Existe uma perspectiva de que o presidente da Câmara coloque em votação nesta semana o PL 2628/22, que recebeu o título de ‘PL da adultização’. Que leitura a senhora faz desta possibilidade e como avalia aquilo que a proposta traz?
Resumidamente o projeto de lei 2628/22 possui algumas previsões importantes. Em relação à publicidade infantil, visa a proibição do direcionamento de publicidade para crianças e adolescentes, especialmente o uso de técnicas e algoritmos voltados a entregar conteúdos para crianças.

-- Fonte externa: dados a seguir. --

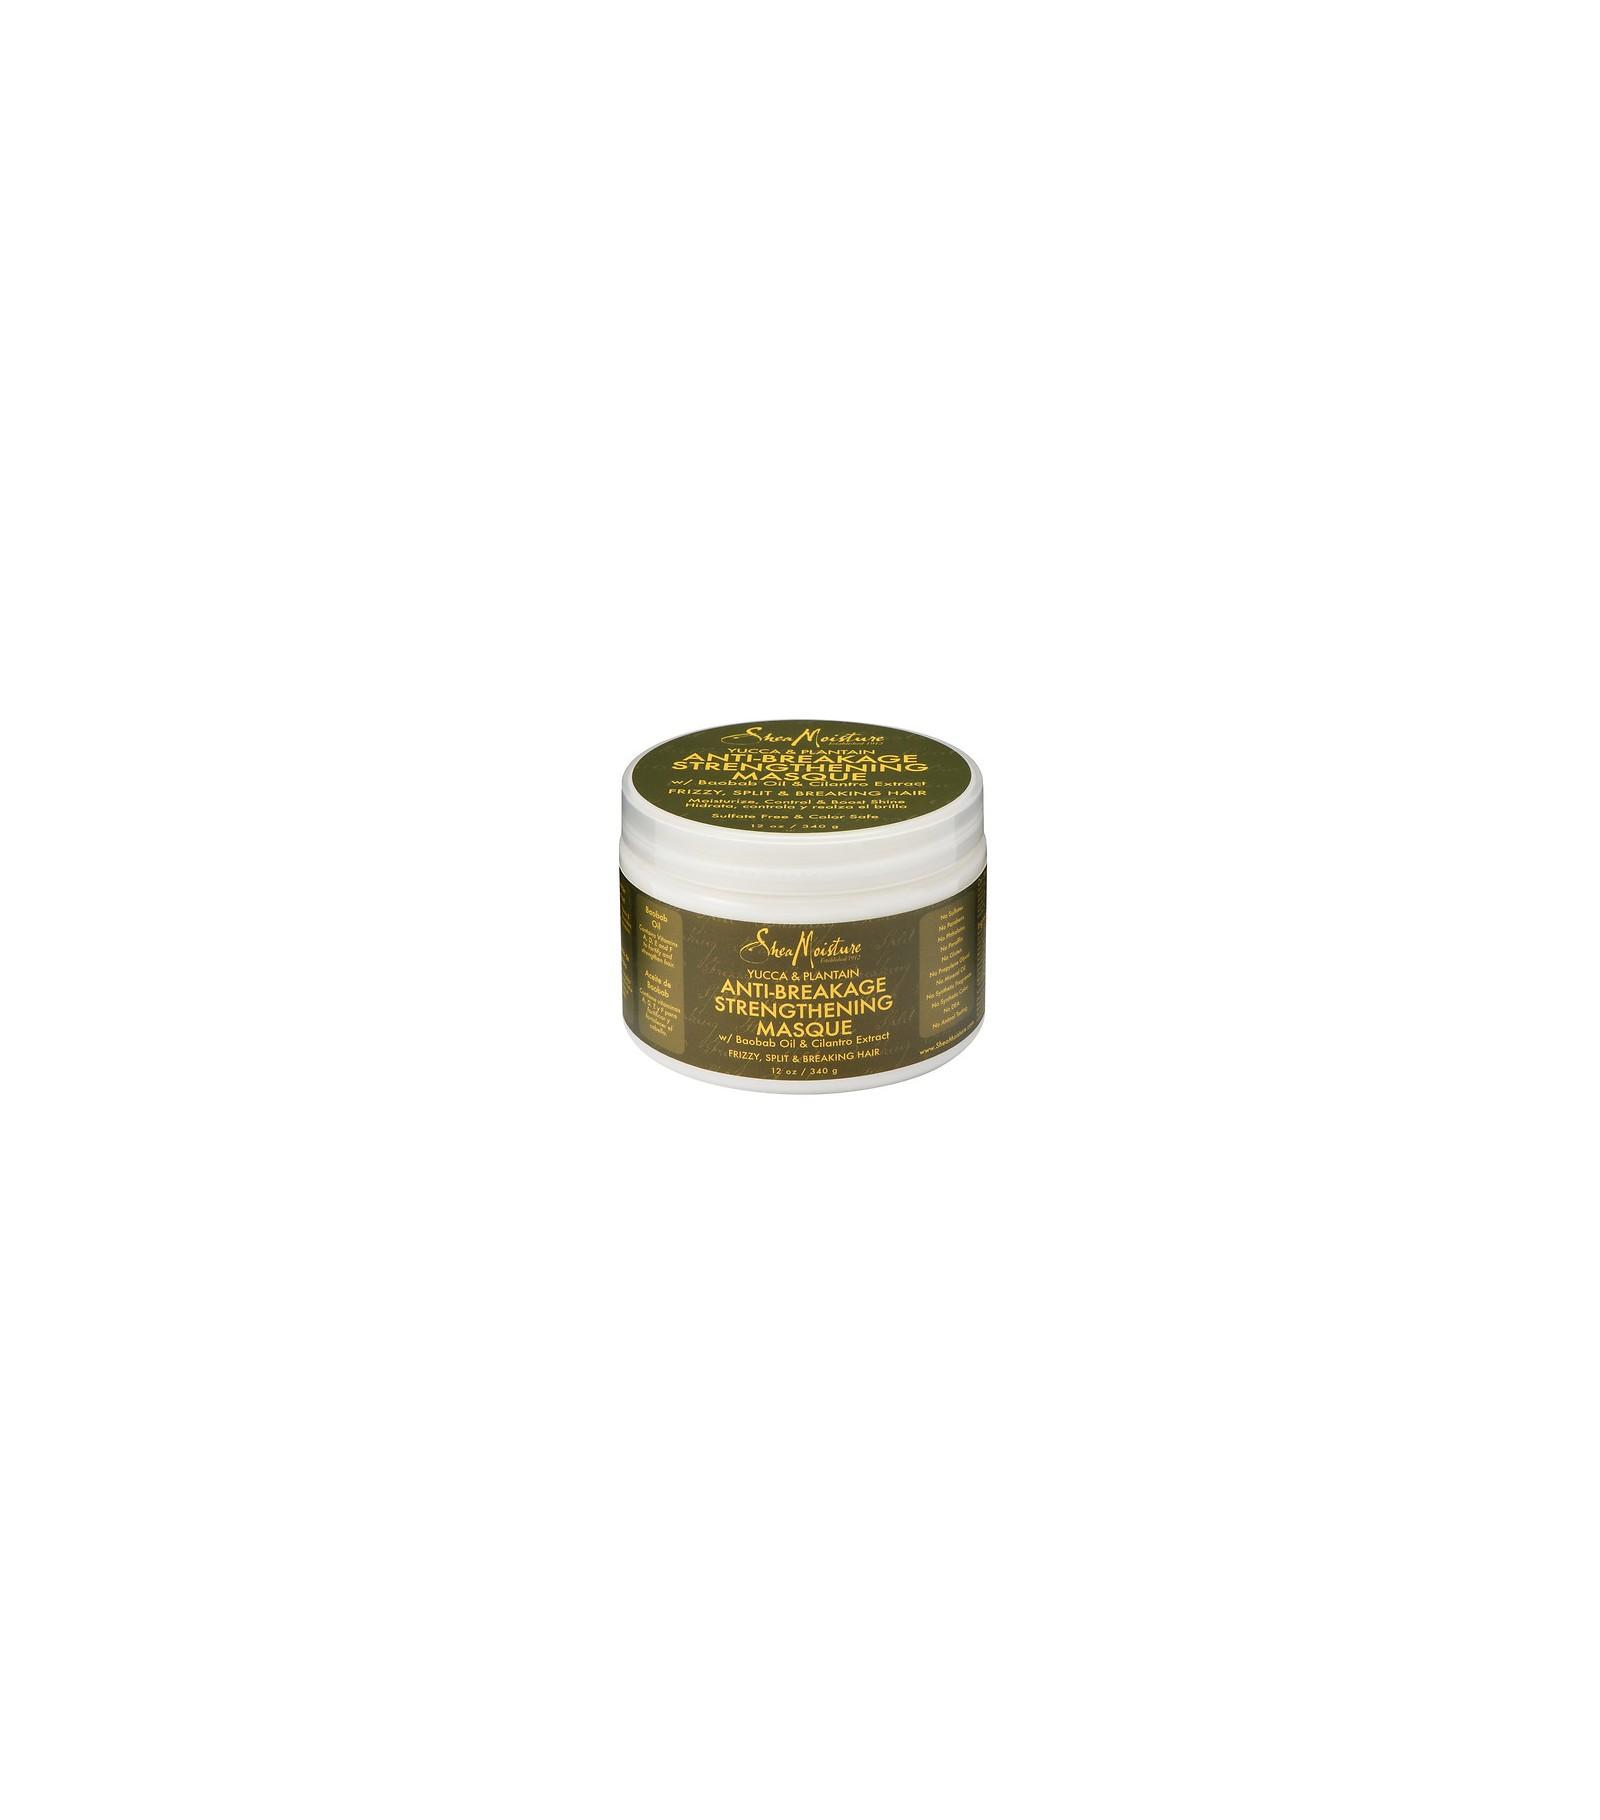 Shea Moisture Yucca & Plantain Anti-Breakage Strenthening Masque 340 g

As crianças e adolescentes devem ter prioridade na formulação de algoritmos, os quais devem ser transparentes, evitando divulgação de conteúdos nocivos.
O projeto também prevê a exigência de que as plataformas digitais ofereçam mecanismos para os pais ou responsáveis monitorarem e controlarem o uso dos serviços por crianças. Também devem ser criadas medidas mais rigorosas para combater conteúdos com comportamentos nocivos, como incentivo ao bullying, jogos, vícios, automutilação, entre outros.
Um dos pontos mais importantes é a exigência de que as plataformas estabeleçam sistemas para detectar e denunciar conteúdos de exploração e abuso sexual infantil às autoridades, sem a necessidade de ordem judicial. Essa regra segue o mesmo sistema estabelecido pelo Supremo Tribunal Federal. As empresas também seriam obrigadas a remover esses conteúdos assim que detectados e a reter dados de usuários envolvidos para auxiliar na investigação.
E, por fim, impõe-se a transparência às plataformas que deverão elaborar relatórios periódicos sobre as denúncias recebidas e informar as ações tomadas em relação a elas. Considero que é um projeto importante e que merece atenção da sociedade e do Congresso, e a sua aprovação seria um passo significativo.
O grande instrumento para proteção à infância no Brasil é o Estatuto da Criança e do Adolescente. Como avalia a aplicação dessa legislação frente à realidade atual, com a atuação das ‘big techs’ e as mídias sociais?
O vídeo que o youtuber apresentou demonstra claramente que as regras do Estatuto da Criança e do Adolescente não foram suficientes para assegurar o adequado controle das redes sociais no Brasil. A ideia criada pelas redes sociais de que cada perfil é responsável pelas suas publicações e de que a plataforma que recebe esses perfis não possui nenhuma responsabilidade acabou por gerar uma ideia de que se tratava de um ambiente livre de qualquer regramento.
Acontece que essa ideia é falsa, uma vez que, tanto os usuários das redes sociais devem ter responsabilidade por suas publicações, quanto as plataformas devem zelar e fiscalizar o ambiente digital, para que não se tornem cenários para práticas de crimes, abuso e pornografia infantil, incentivo a atividades nocivas e perigosas, entre outros.
Além disso, o algoritmo, que é criado para conhecer os hábitos os usuários e oferecer conteúdos direcionados, deve ser também programado para impedir práticas abusivas, especialmente relacionadas a crianças e adolescentes. Daí a importância de se criar uma legislação específica e direcionada a este tema.
Como a senhora enxerga a discussão sob o prisma de ‘liberdade de expressão’ e em que medida uma proposta de lei pode ser restritiva a que as pessoas se expressem?
A liberdade de expressão não é objeto desse debate. Trata-se da proteção de criança e do adolescente. Quando se trata da proteção à infância, deve haver controle de todos os lados, tanto na exposição de crianças e adolescentes, quanto no conteúdo a eles direcionados, em forma de publicidade ou entretenimento. E esta é uma responsabilidade de todos os envolvidos.
E quanto à responsabilidade das plataformas de rede social? Como enxerga o papel das ‘big techs’ neste tema?
Entendo que deve haver responsabilidade das “big techs”, tanto na fiscalização do conteúdo, que envolve crianças e adolescentes, na resposta às denúncias recebidas, quanto no estabelecimento de protocolos de segurança que devem ser seguidos por todos os usuários das redes sociais. E em especial, e isso é algo invisível, no estabelecimento de algoritmos que impeçam ou dificultem a disseminação de publicações envolvendo crianças e adolescentes.